If you were injured at your workplace in Pittsburgh, know that you have resources. You are protected under the 1915 Pennsylvania Workers Compensation Act, which was created to help employees who suffer injuries at work. Learn more about the workers’ compensation process and which steps to take following a work injury.
Workers’ Compensation in Pittsburgh
Requirements for Employers
If you are injured at work, you are required to report your injury to your employer within 21 days after it occurred, or at the latest, within 120 days of the injury, or discovering the work-related disease. Do not delay in reporting your injury to your employer. If you fail to report the injury on time, you may lose your right to workers’ compensation benefits entirely.
As long as you reported your injury in a timely manner, your employer and its insurance company will have 21 days to complete one of the three options:
- Agree that the injury is related to work and issue a Notice of Compensation Payable, which accepts your claim to recover compensation
- Agree that the injury is related to work and issue a Notice of Temporary Compensation Payable, which means you will receive benefits for up to 90 days
- Deny the claim and issue a Notice of Compensation Denial
You will also need to provide your employer with proof of your injuries. This can be your doctor confirming your injuries and advising when it is safe for you to return to work and resume your tasks.
Time Limits for Filing a Claim
If the employer or insurer denies responsibility for your injury, you will typically have three years from the date the injury occurred to file a claim petition for benefits.
Claim Filing Process
After a work injury, the following steps will most likely apply:
- Seek medical assistance and maintain a medical record.
- Report your injury to your employer as soon as possible (within 21 days).
- Within 21 days of filing notice, your employer will let you know of their approval or denial of your injury claim.
- Your employer is required to use a Statement of Wages form to calculate an employee’s wages and provide copies to the employee as well as the Bureau of Workers’ Compensation.
- Your employer will also need to file a Notice of Suspension or Modification depending on whether or not you return to your previous position.
- Once the benefits payment is decided, your employer will need to complete a Final Statement of Account of Compensation Paid form, and send it to the Bureau of Workers’ Compensation.
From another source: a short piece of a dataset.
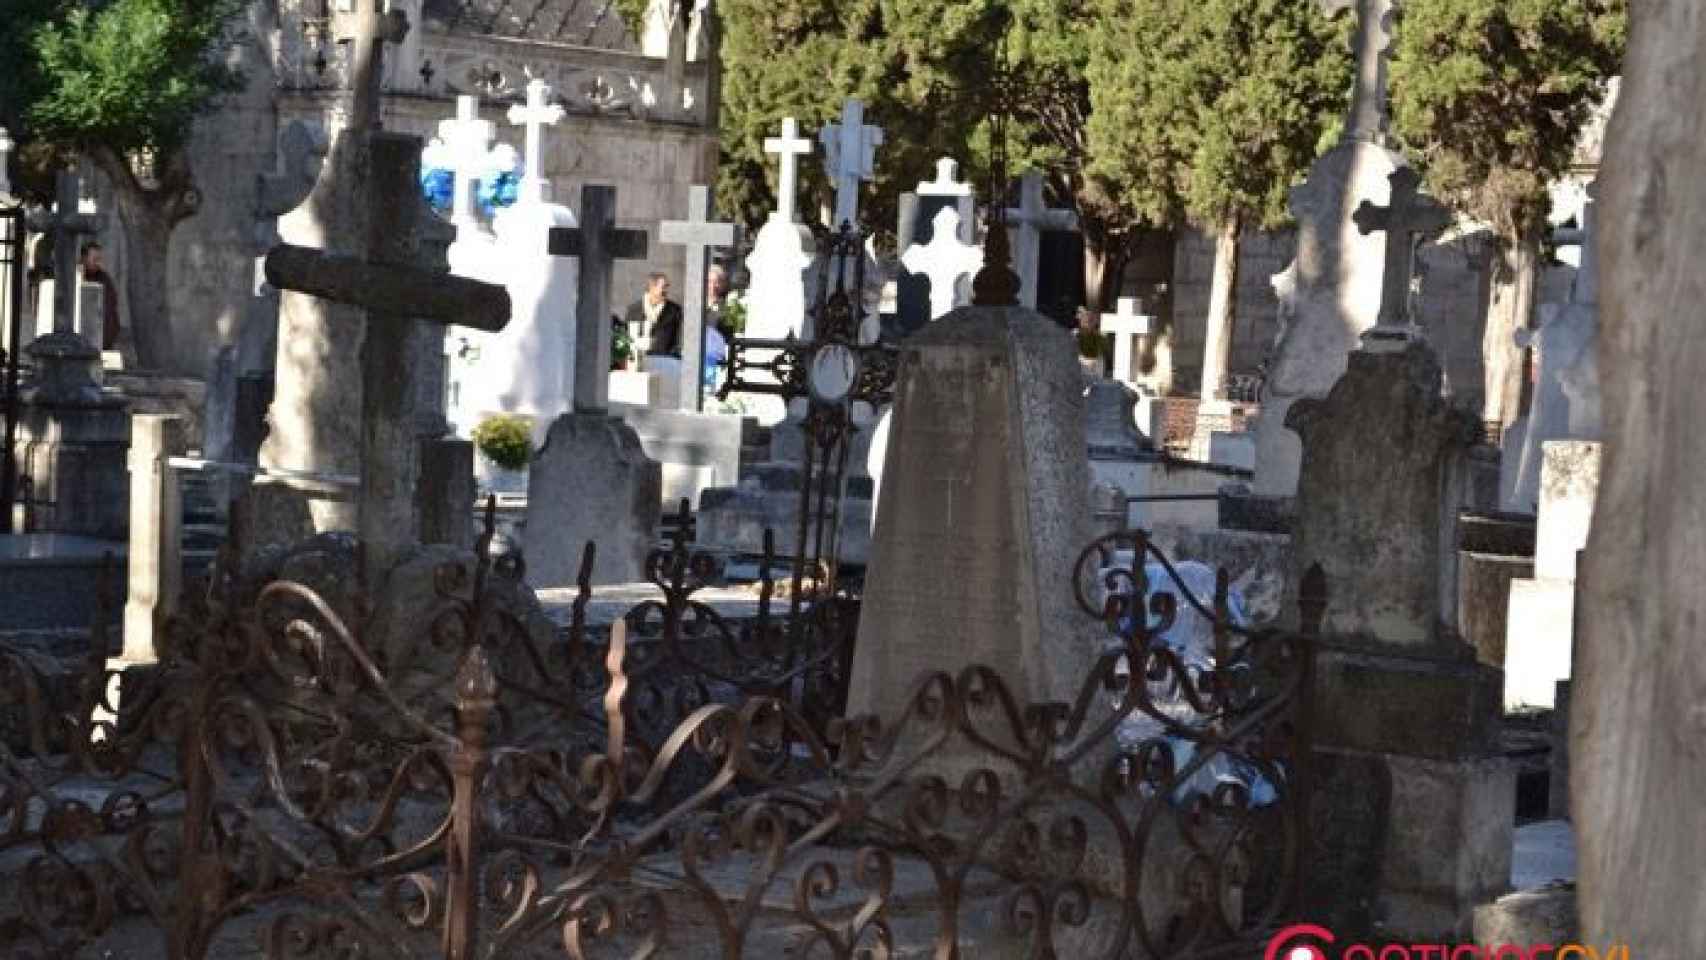 cementerio-del-carmen-valladolid-4

Benefits of Workers Compensation
Under the Pennsylvania Workers’ Compensation Act, employees who were injured can recover the following compensation through filing a claim:
- Compensation for all medical expenses – including hospital bills, doctor appointments, surgeries, medical devices, emergency transportation fees, physical therapy – that resulted from their work injuries.
- Compensation for wages lost during the time of recovery and inability to work because of the injury.
- Compensation for specific losses, if an employee suffers a loss of hearing or requires an amputation after the accident.
- Compensation for death – such as the deceased employee’s wages.
When to Get Help from a Lawyer
If you have suffered an injury at work, you have the right to compensation. While you can file a workers compensation claim on your own, an attorney will understand Pennsylvania’s Workers Compensation Act and will be able to guide and support you through the process. In addition, an attorney will be able to negotiate for maximum compensation on your behalf.
If your workers compensation claim is denied, it is especially important to hire an attorney. A Pittsburgh workers comp attorney can help you appeal your claim denial or figure out the best course of action for your situation. Appeals are complicated legal matters, but an attorney will have the skills and knowledge necessary to help you move forward.